Making global satellite imagery cloud-free
Published Jan 25, 2022 Updated Feb 04, 2022
Our technical team has created a beautiful new cloudless image of the world. This is the story about how and why we did it.
Getting a clear view
Have you ever wondered why images of the world rarely look like this on online mapping websites?
It would be pretty hard to find a location that didn’t have cloud cover, right? In reality, almost 75% of it is constantly covered by clouds, making the image a very accurate depiction. However, unless you are studying the weather, you just want to look at the land surface, so how do we clear away the cloud to see the land below?
Perhaps you are asking yourself, “It can’t be that hard; just choose the images that don’t contain any clouds? “However, the process isn’t as easy as it first seems!

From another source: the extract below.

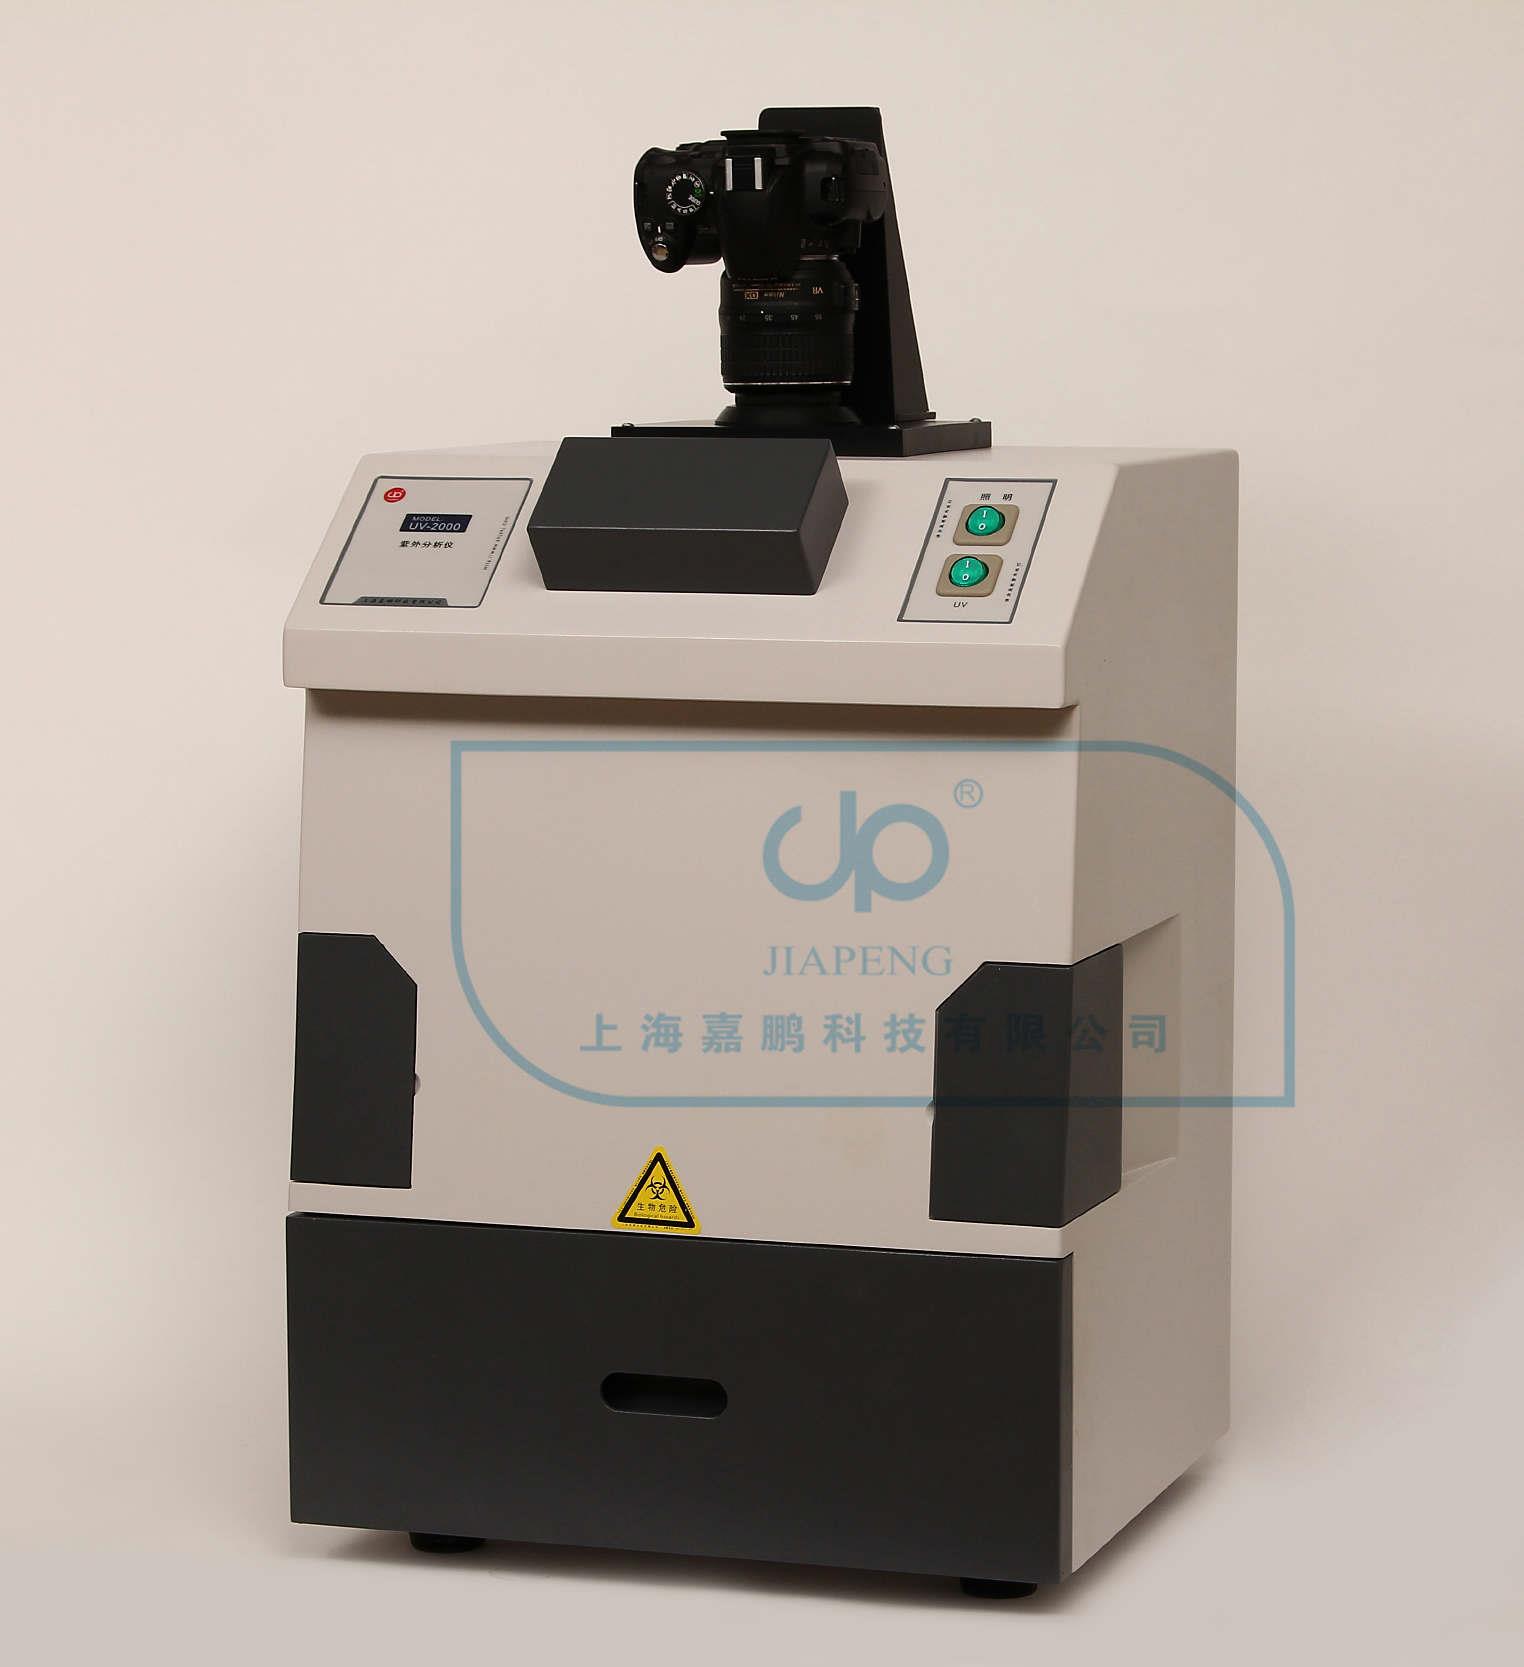 上海嘉鹏高强度紫外分析仪UV-2000

If you want to choose an image that doesn’t contain any clouds for a location like Bernes Alpes in Switzerland because you love the mountains, just like we do at MapTiler, you will have to go through dozens of images to find one. There are places on Earth that are almost constantly covered by clouds, so it simply isn’t possible to do this manually.
A problem like this requires an automatic solution, and our technicians went down this route to create the Satellite data you see in our services. Again though, it is not quite so simple, and to ensure you get a good result instead of a bad or average one, you need some key ingredients in your recipe:
- An excellent data source
- A refined and honed algorithm
- Huge computational power
Without this last ingredient, you can run into some very tricky time issues when dealing with huge global datasets. If you only had access to a desktop PC it would have to run for 4512 days which is almost 12.5 years; for storage, you would need 360 computers with 500 GB SSDs. If you used HDDs, the processing time would increase to 18.5 years. All this means that by the time you have finished creating the map, it will be nearly 19 years out of date and not much use to anyone!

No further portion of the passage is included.